For those of us in older, smaller buildings (at 39 floors we’re hardly vertiginous, by today’s standards) the current raft of hot ticket upstarts present challenges when it comes to maintaining desirability. But it can be done. We can attest, in fact, that even dated “ugly ducklings” can be morphed into beautiful swans — without the need for unrealistic investment.
Our best advice? “Spec up”. And by that we don’t mean staging (yawn) with Phalaenopsis orchids and a herd of strategically placed cushions. Preparing your home — to make it truly market appropriate — means pushing yourself a little bit harder.
As the well-worn adage proclaims, “speculate to accumulate.”
This in mind, we’d suggest a modest 5 per cent to 10 per cent of current value as an appropriate spend for auspicious updates (upon which we’ll touch shortly) to heighten your outgoing sale price by as much as 25 per cent.
When we bought our condo in 2007, it was already five years old and the drabbest penthouse we’d ever seen, though it did have potential.
Fortunately — for us certainly — its seller seemed less concerned about achieving anything beyond bricks and mortar value and was more focused on a quick sale and moving on.
The prospect of monetizing via lifestyle quotient clearly hadn’t dawned on him. Finishes, as we found them, were basic, with shag carpet, a builder’s beige kitchen and similarly unprepossessing bathrooms. And holy crap: those paint finishes. And those dreadful banded walls.
Had our erstwhile seller made even a few key updates he might have squeezed significantly more dollars from his lakeside aerie. Aye, from even two canny Scots with an eye for a bargain.
On the plus side, we loved (and indeed still love) our older condo. The rooms are bigger, the ceilings higher and the spectacular skyline and lake views thrill us as much today as they did when we first took possession some 10 years past.
As a sidebar, it’s unlikely our vista will ever spoil — unless, that is, the city decides to raze the Rogers Centre and fell The CN Tower. But of course Toronto’s way too smart to do either of those things, right?
These days, our tired old girl has moved with the times.
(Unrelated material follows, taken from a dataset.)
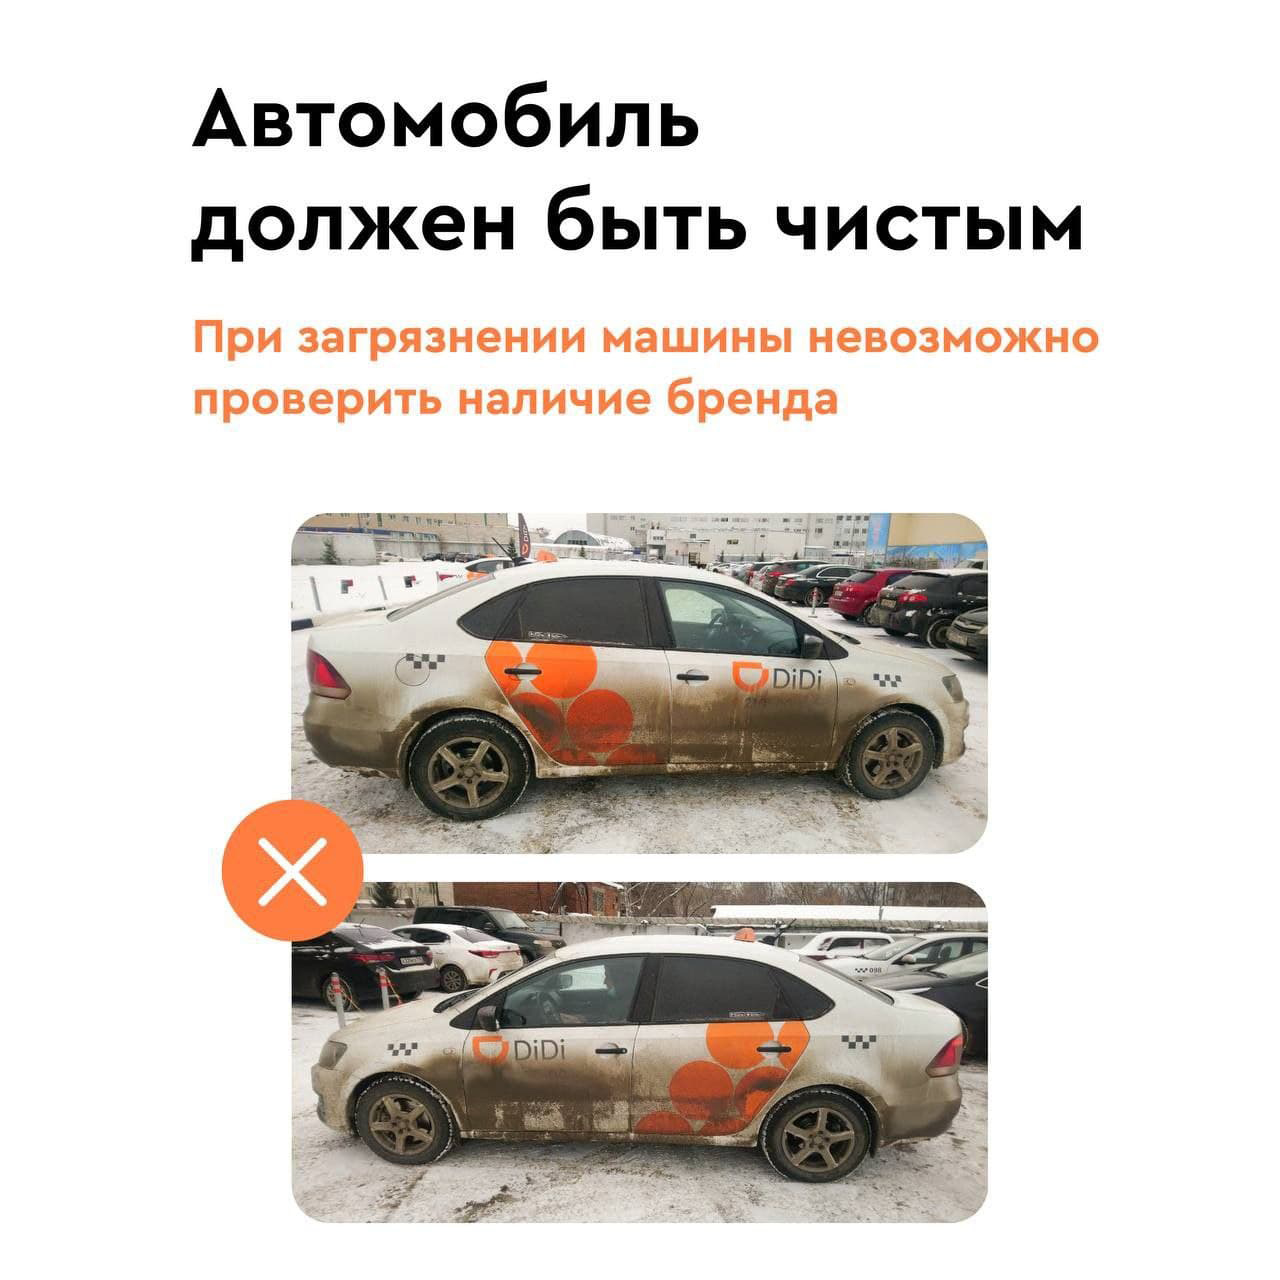 Диди такси в Воронеже

We’ve installed two new bathrooms (one lined in bookmarked Silver Wave marble — the other crisply attired in monochrome Caesarstone) that sparkle like jewels in our property crown.
A further mod splash is courtesy of a glossy white kitchen with hidden appliances, ceiling-high cabinets and grey Carrara counters. Throughout the condo runs ebony flooring and an army of pot lights employed to flood the space with controllable illumination as and when required.
Spray finishing window frames inky black (with consents, of course from our condo board), acres of white latex and miles of concrete walls have systematically transformed the 39th floor suburban bungalow into a somewhat Bauhasian space. A space that will certainly provide a substantial profit come sales time, a generous return on a daily basis and ongoing pride in a job well done.
Cashing out 101 — Botox for buildings
Paint it out
Fact: Accent walls are one thing but buyers for the most part prefer neutrally painted spaces. Crisp white is our default mechanism but bone and whisper grey are also good news. Check out the Premier range at Canadian Tire for the market’s best value — and most efficient — paint.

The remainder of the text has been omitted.